Dumbfounded, I stared into his eyes, not able to process, what was going on, and what his beautiful and enchanting voice declared.

I couldn't.

And suddenly, the dumb, numb plainness in my head got swapped with a wave of understanding. I suddenly could process his words, and still, I couldn't.

Did he just say, he wanted to break up?

To break this off?

Even though we didn't even really start yet?

I refuse.

I refuse to do it. I would latch on him till the bitter end. He couldn't be so cruel right? I finally found my forever-human, my once in a lifetime chance of happiness, at least I thought so. I never felt with anybody this connected, this secure and accepted.

No, I wouldn't let him break all my efforts and let them vanish into nothingness.

We were facing a dark storm, hate, disguised at tiny, cold and piercing raindrops knocked harshly on our window, wanting us to let them in. Wanting us, to believe them, to destroy us, to soak us in self-hatred and pity.

The wind was howling outside, wanting to sweep us off our feet, to swirl us around until we were brainwashed and couldn't think straight anymore.

Yes, it was a storm. A dark and harsh one. Maybe the harshest we would ever face in our entire lives, but Jin's words, his suggestion, his so-called solution to this matter, was adding thunder and lightning to this mess.

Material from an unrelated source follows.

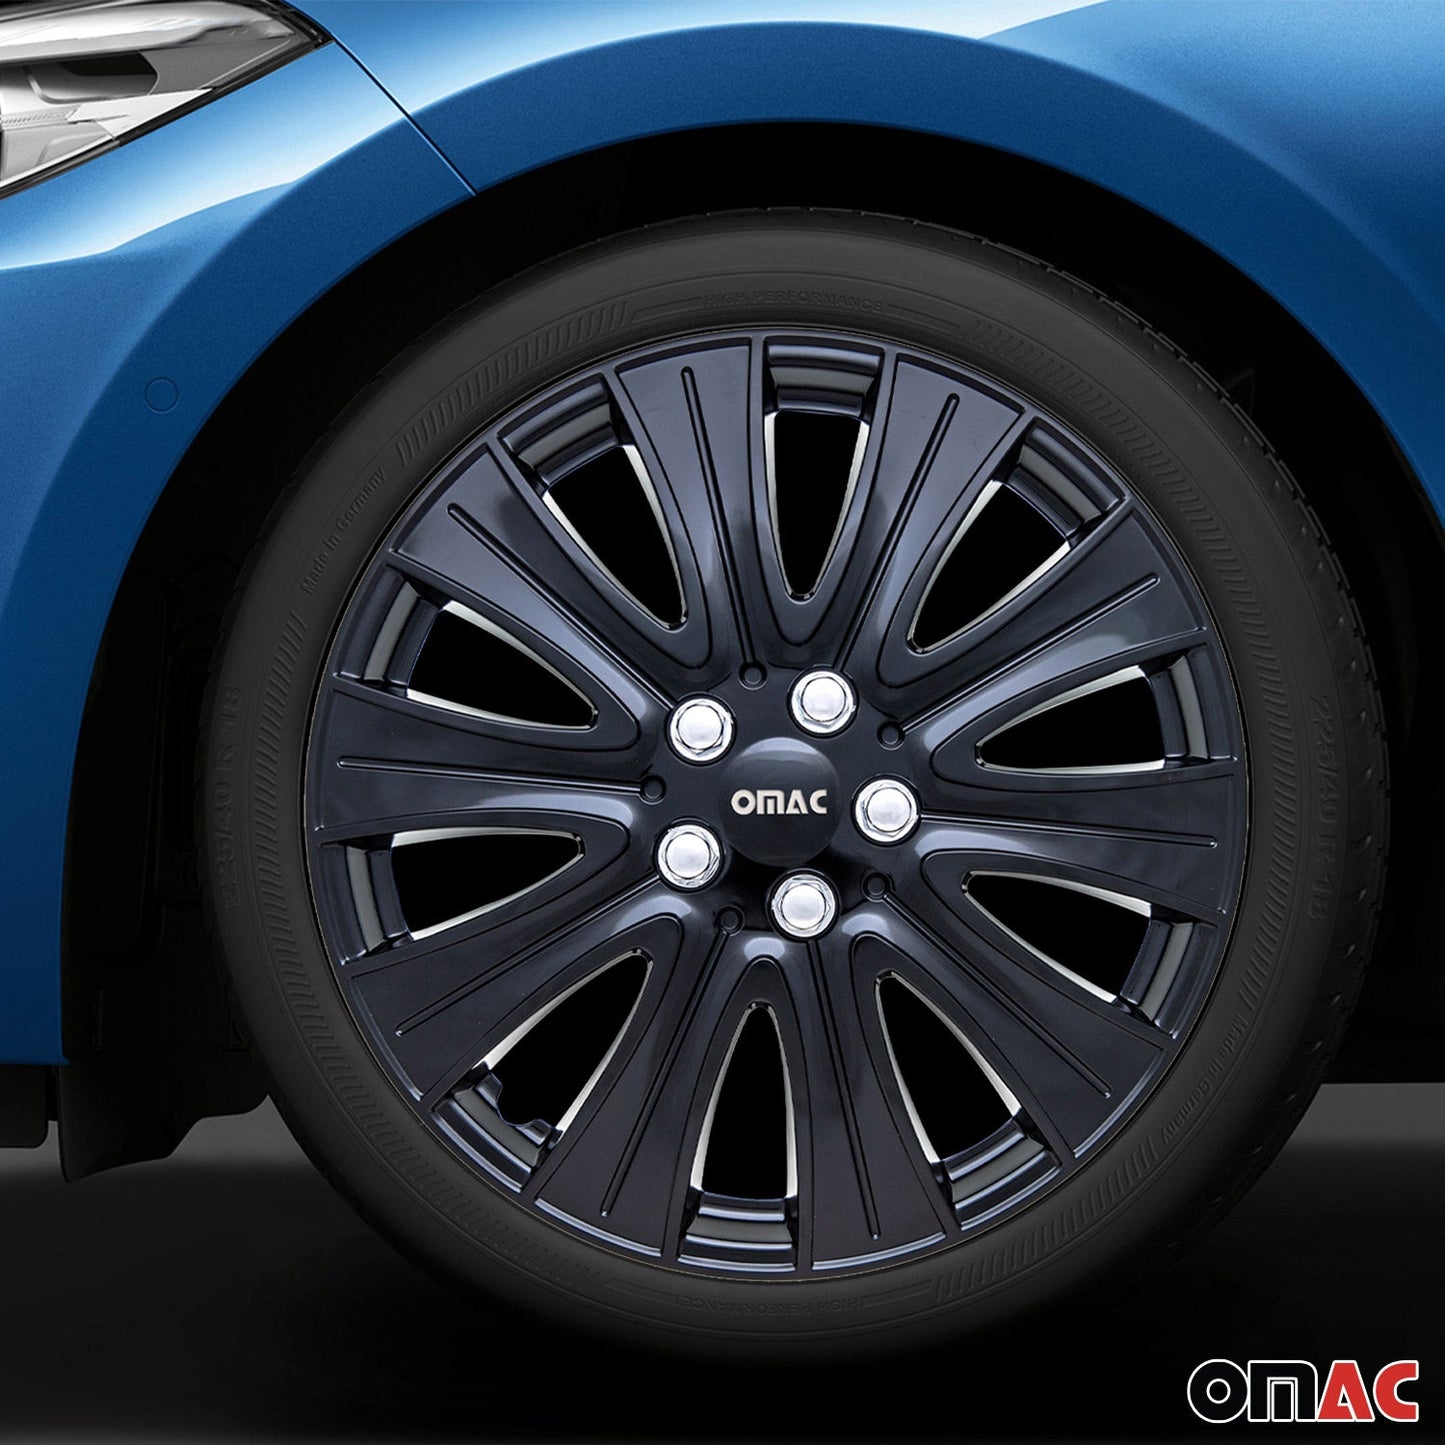 OMAC 15" Wheel Covers Guard Hub Caps Durable Snap On ABS Gloss Black Silver 4x OMAC-WE40-GBK15
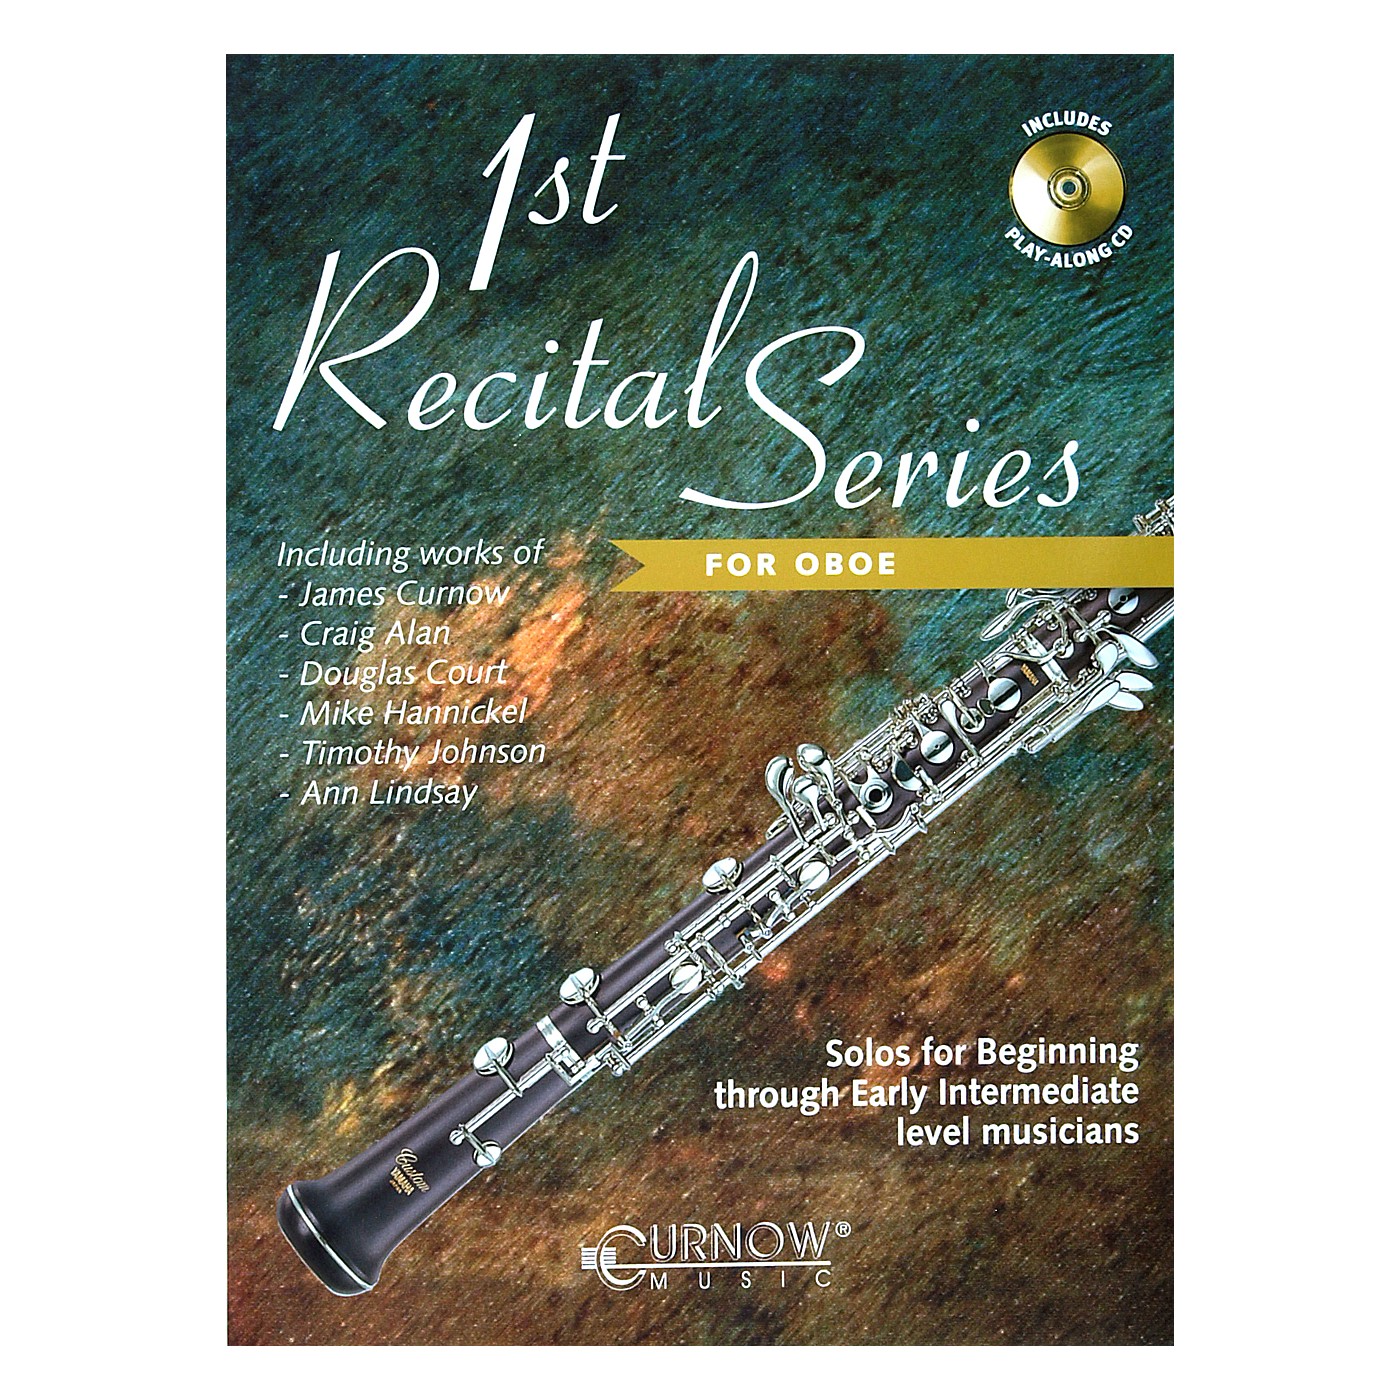 Hal Leonard Play-Along First Recital Series Book with CD thumbnail

Like it wasn't enough that my being shook with wind and rain, but I had to endure also the searing and blinding pain of a lightning that stroked me and the loud, thundering noise of a thunder as I heard everything I stood for and wanted to believe, everything I built up in this small time that I knew Jin, crashing down.

I refused this. Simply refusing it.

"No," I said, sternly and cold, with a voice that let no place for discussions.